The answer must reproduce the listing exactly, with every picture left out.

PROVIDED MATERIAL —
BEGIN

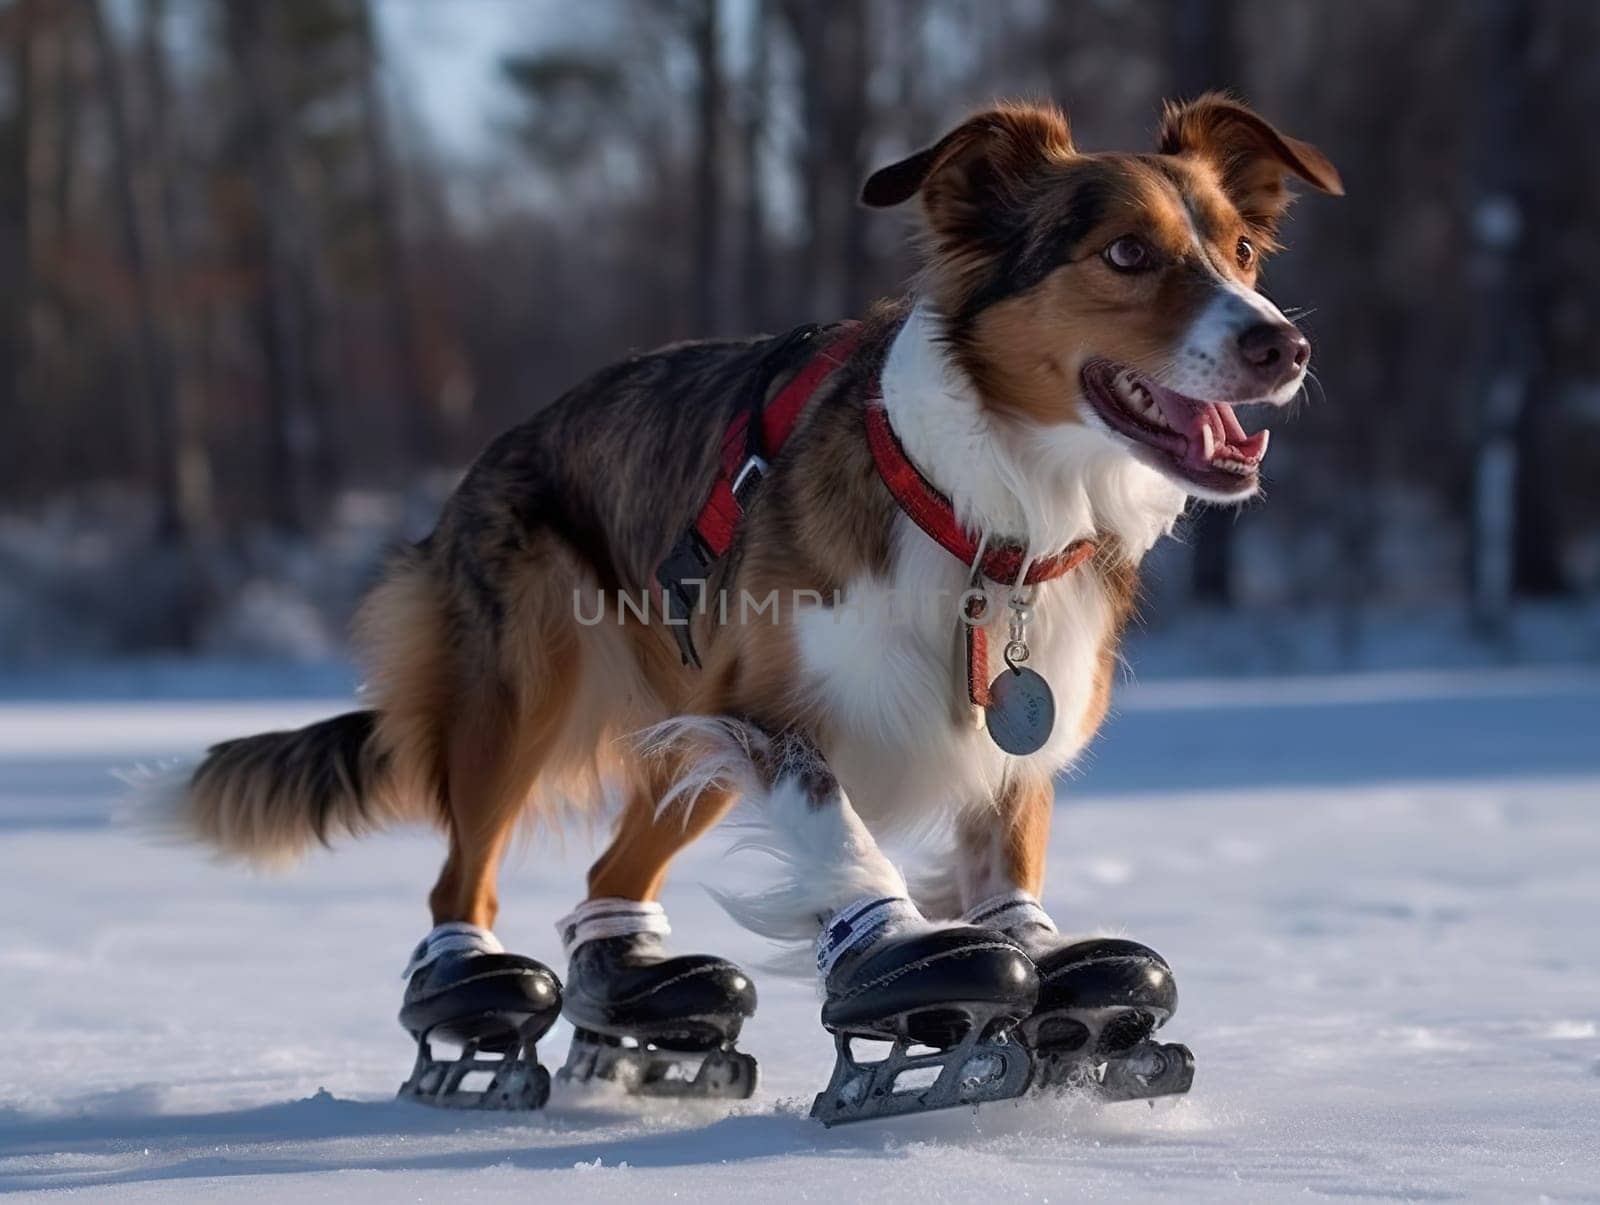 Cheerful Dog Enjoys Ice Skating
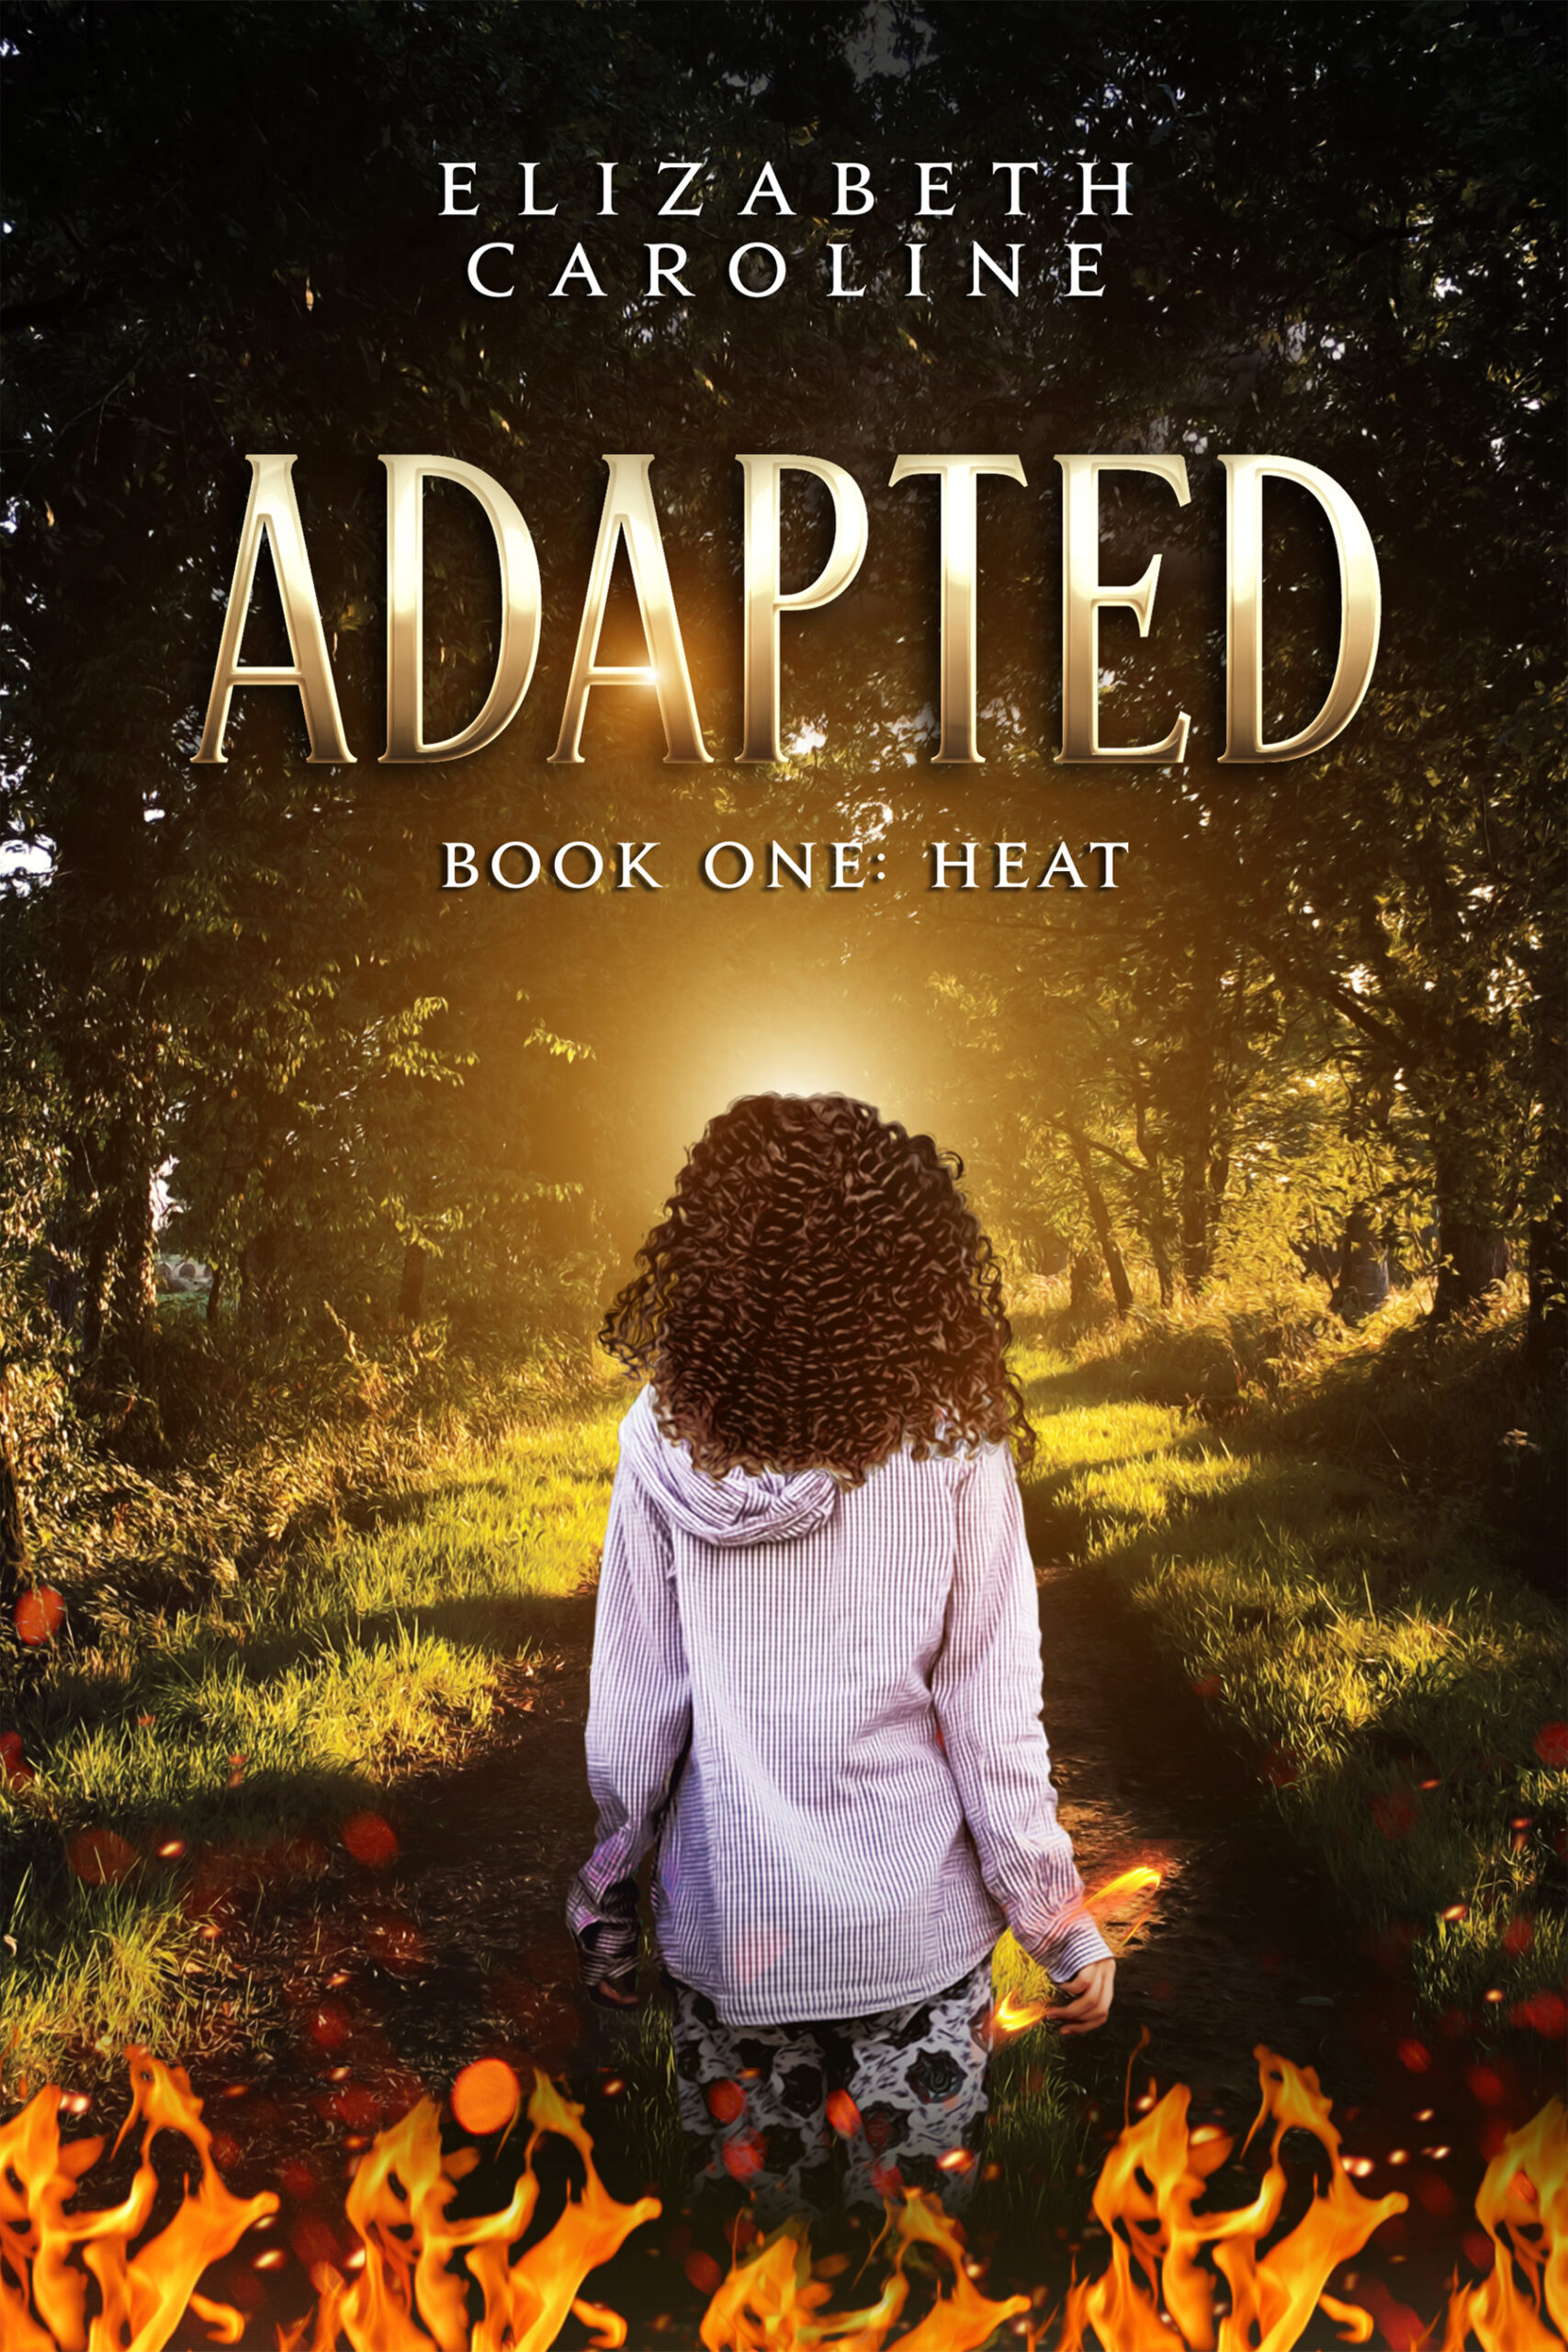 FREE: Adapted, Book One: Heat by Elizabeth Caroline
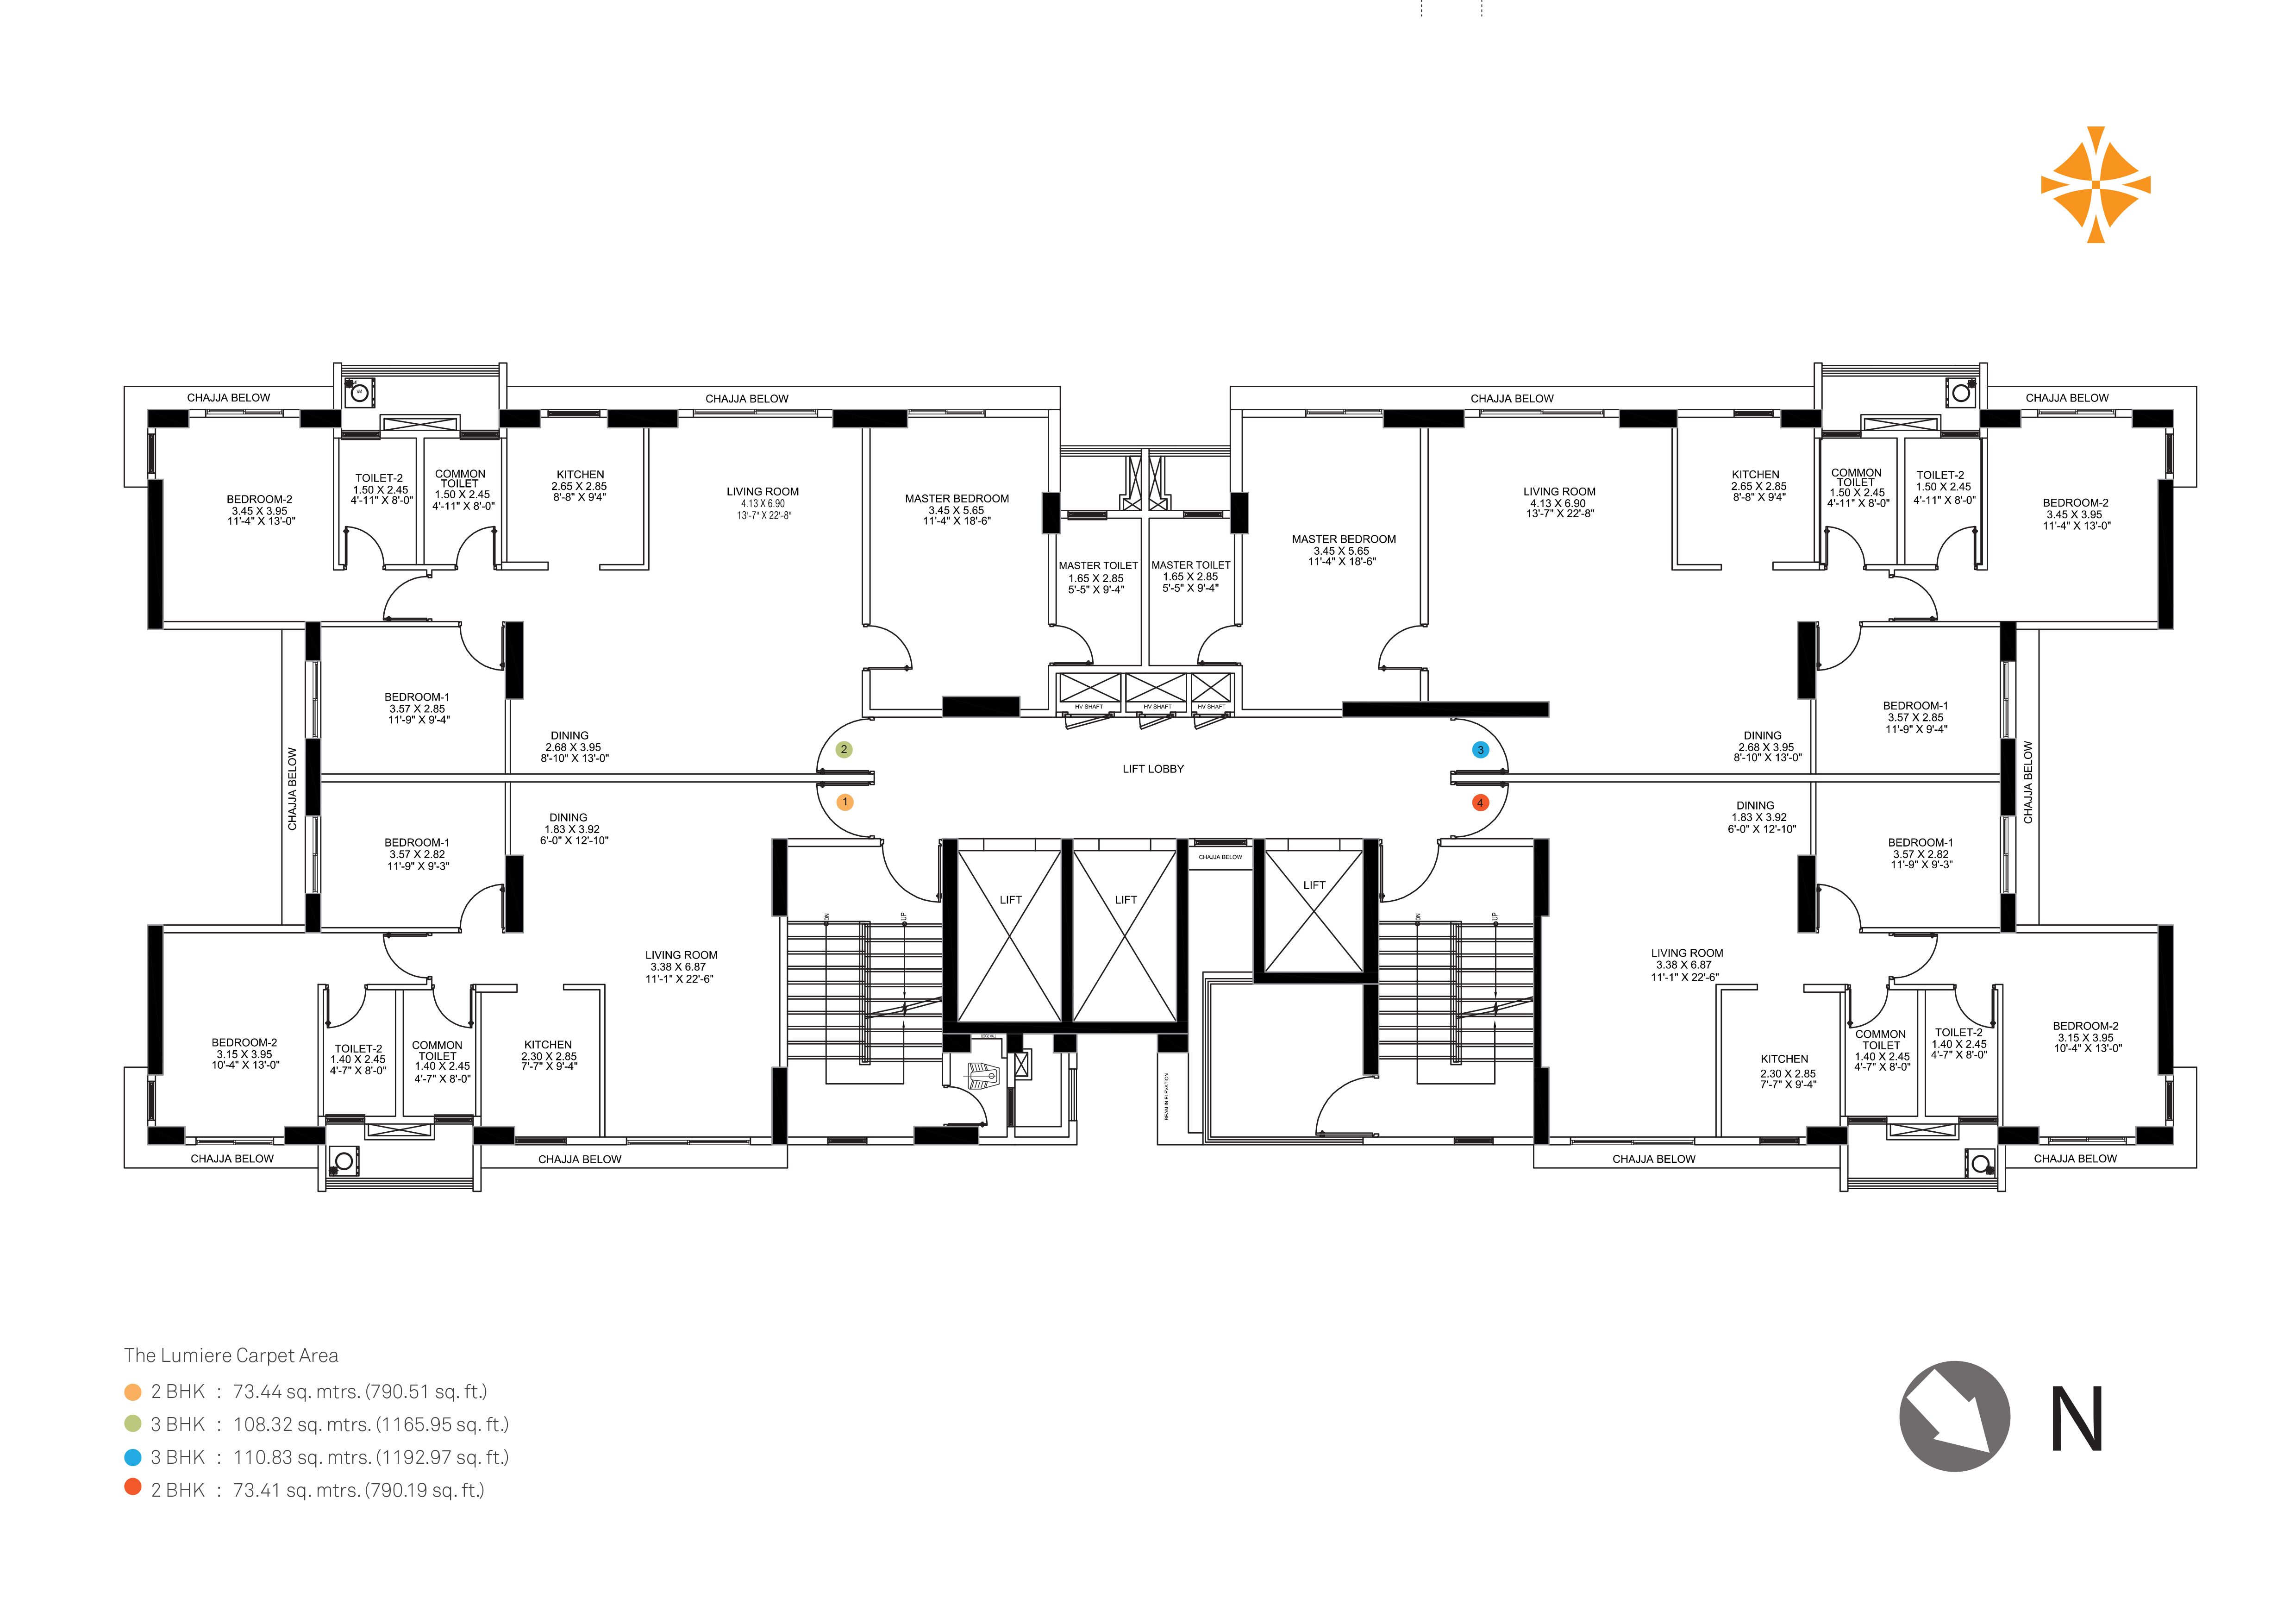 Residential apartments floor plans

END

WRITTEN SOLUTION —
 Cheerful Dog Enjoys Ice Skating
 FREE: Adapted, Book One: Heat by Elizabeth Caroline
 Residential apartments floor plans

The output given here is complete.